Still, he believes many bishops refuse to publicly discuss allegations because that could shake believers' trust in the authority of priests and the church.

"It's so profoundly embarrassing a problem. The institution doesn't want to further embarrass itself,'' said Doyle, who testifies regularly on behalf of victims. "There are deep issues of power and prestige involved.''

That 1985 report to the bishops' conference came the same year that former priest Gilbert Gauthe pleaded guilty in Louisiana to sex charges involving 11 boys. He was sentenced to 20 years without probation or parole but won early release. In 1996, he was accused of fondling a 3-year-old boy in Texas; he pleaded no contest and was sentenced to probation.

Sister Mary Ann Walsh, a spokeswoman for the bishops' conference, said the new Vatican regulations showed the pope's commitment to address the issue, while protecting the confidentiality of the accuser and accused.

"There are very few offenses considered so grave that they're reported to the Vatican. This is included now as one of them,'' she said.

But critics felt the regulations signaled that the Vatican cares more about protecting the church than preventing abuse.

"I think the rules are a step backward and are more focused on the accused than on the victims and on more secrecy, which of course is the single factor that enables these things to occur,'' said David Clohessy, national director of the Chicago-based Survivors Network of Those Abused by Priests.

The mandatory reporting policy Law enacted in Boston comes years after other dioceses, including the archdioceses of Chicago and New Orleans, enacted similar policies.

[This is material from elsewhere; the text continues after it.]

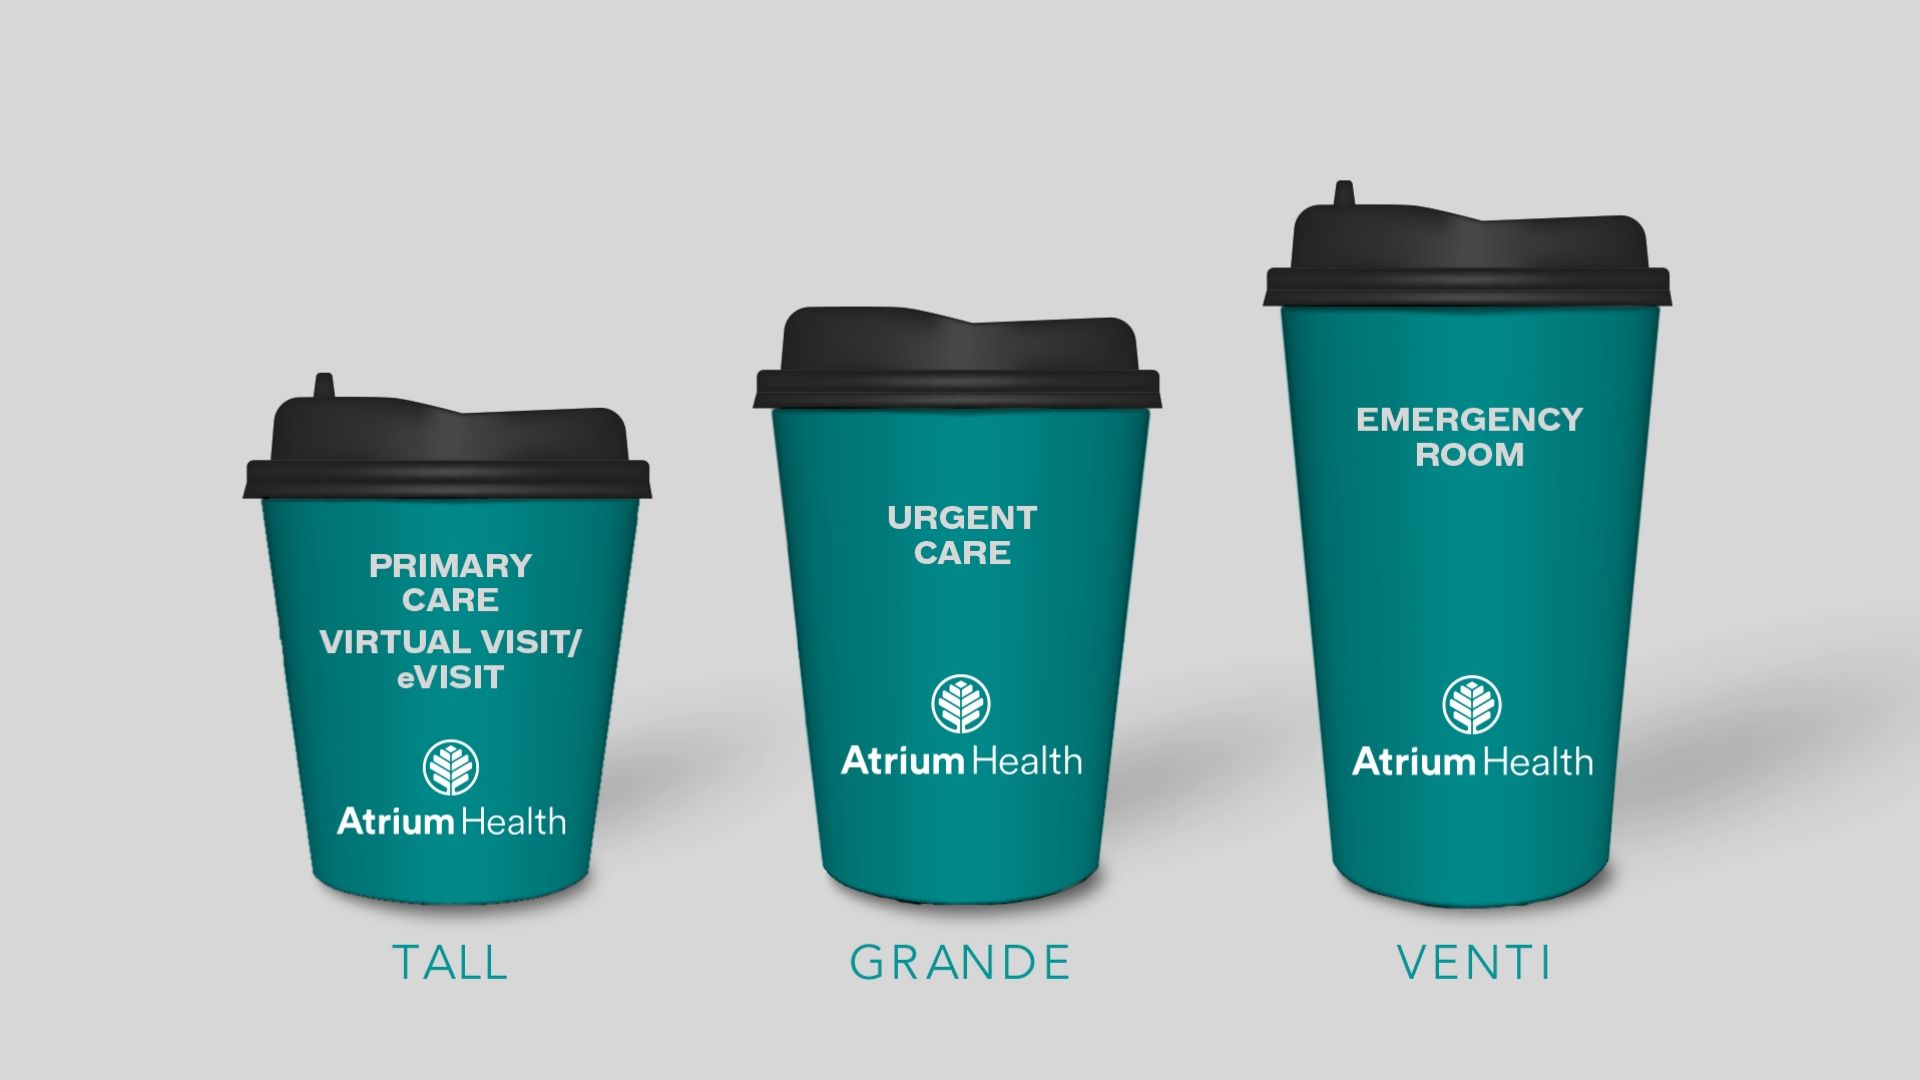 When seeking care, it’s important to know where and when to see a doctor. But how do you know where to go when you need care? Luckily, knowing where to go is as easy as ordering your favorite cup of coffee.  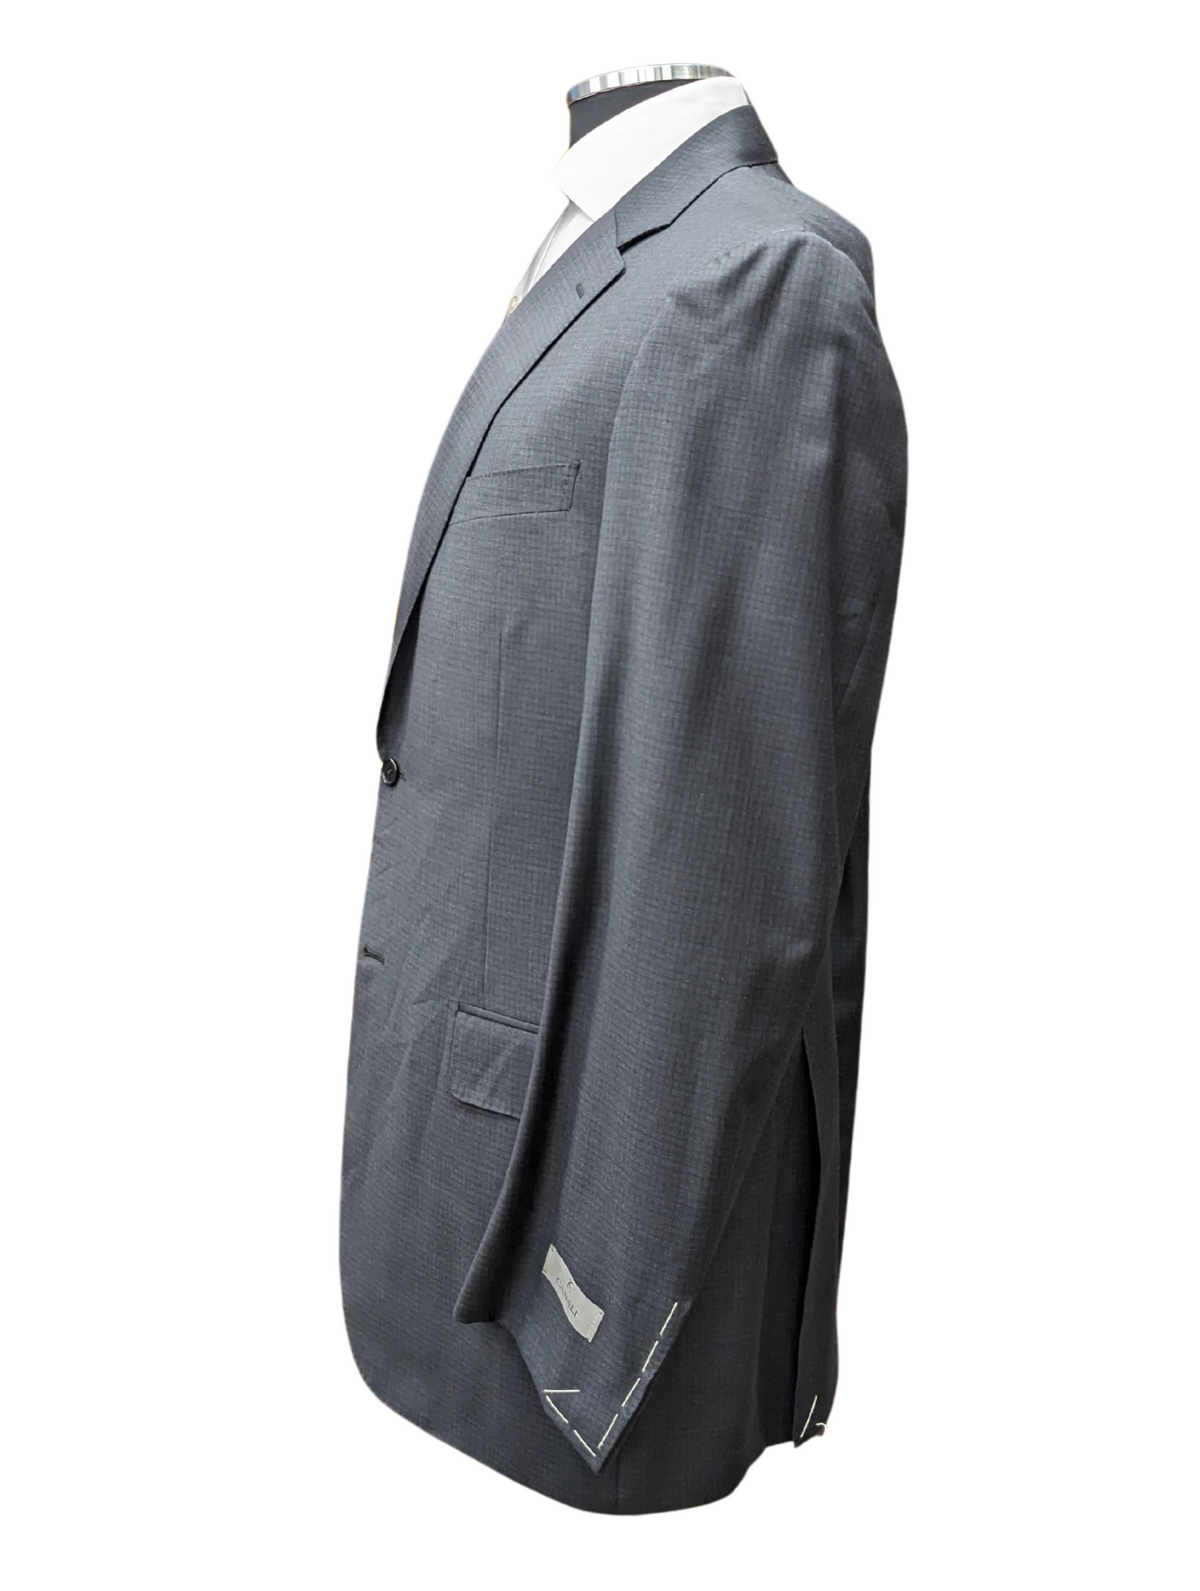 Canali 1934 Mens Charcoal Gray Check 44L Drop 7 100% Wool 2 Button 2 Piece Suit

Jason Berry, author of "Lead Us Not Into Temptation, Catholic Priests and the Sexual Abuse of Children," blames a culture of secrecy in the church and an obsession with "concealing negative information rather than truly investigating it."

Clohessy, whose brother is a priest, believes the same dynamic that prevents police from reporting wrongdoing by fellow officers keeps priests from exposing their colleagues.

"The priesthood is a small, shrinking, beleaguered, misunderstood club of men whose primary support system is one another,'' said Clohessy, who was abused when he was a boy.

Shaw suggested careful and repeated psychological screening of candidates for the priesthood and close monitoring once men are ordained.

"I think everyone belatedly recognizes that the authorities would have been well advised at the start to be more candid rather than hush it up and sweep it under the rug,'' he said.